Approval of gene therapy for childhood leukemia welcomed, with caution
After decades of research, and some frustration, the first gene therapy treatment is now on the market, a milestone greeted with enthusiasm but tempered by caution.
The chimeric antigen receptor T-cell (CAR-T), developed by Novartis under the brand name Kymriah, gained FDA approval at the end of August.
The gene therapy is aimed at children and young adults suffering from acute lymphoblastic leukemia (ALL), the most common form of the cancer. Nearly 3,000 cases of ALL are diagnosed each year.
Its approval, which was expected following the endorsement by the FDA's Oncologic Drugs Advisory Committee (ODAC), was widely welcomed, including by the administration's commissioner, Scott Gottlieb.

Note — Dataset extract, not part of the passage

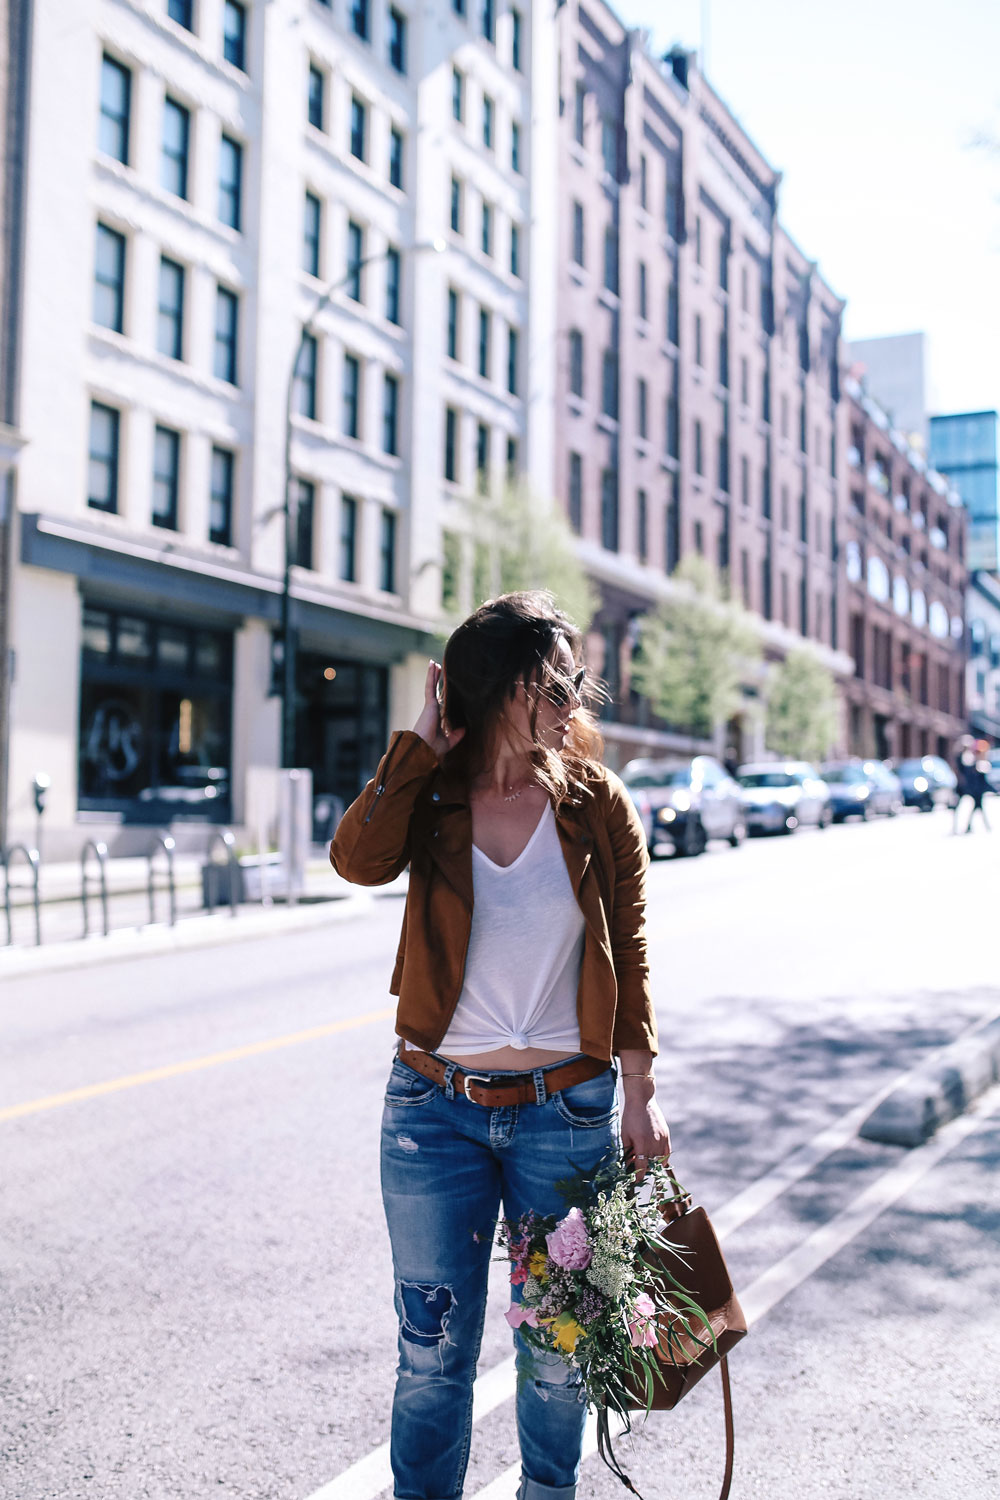 how to wear boyfriend jeans, casual outfit ideas in jcrew heels, mavi t shirt, aritzia auxiliary bag, suede moto jacket outfit ideas, revolve suede jacket, silver jeans boyfriend jeans, casual weekend outfit ideas by To Vogue or Bust

And it has heightened expectations that other gene therapies currently being researched for treatment of other cancers, and other conditions such as ALS and muscular dystrophy, could be approved.
The American Cancer Society, though it has made no official statement on the approval, believes this is a major advance.
"Our only concern is that there is a treatment that moves us forward ... we are certainly pleased to see that continue," Dr. J. Leonard Lichtenfeld, deputy chief medical officer with the American Cancer Society, told Patient Daily.
"This is a major advance and built on a substantial amount of research," Lichtenfeld said. "I use the word breakthrough very sparingly, but this is built on exacting research and fascinating work to get to this point. It is positive."
But Lichtenfeld cautioned that it takes time to know everything there is to know about new drugs or treatments. He cited the example of immunotherapy, which was believed to substantially lower the potential and severity of side effects.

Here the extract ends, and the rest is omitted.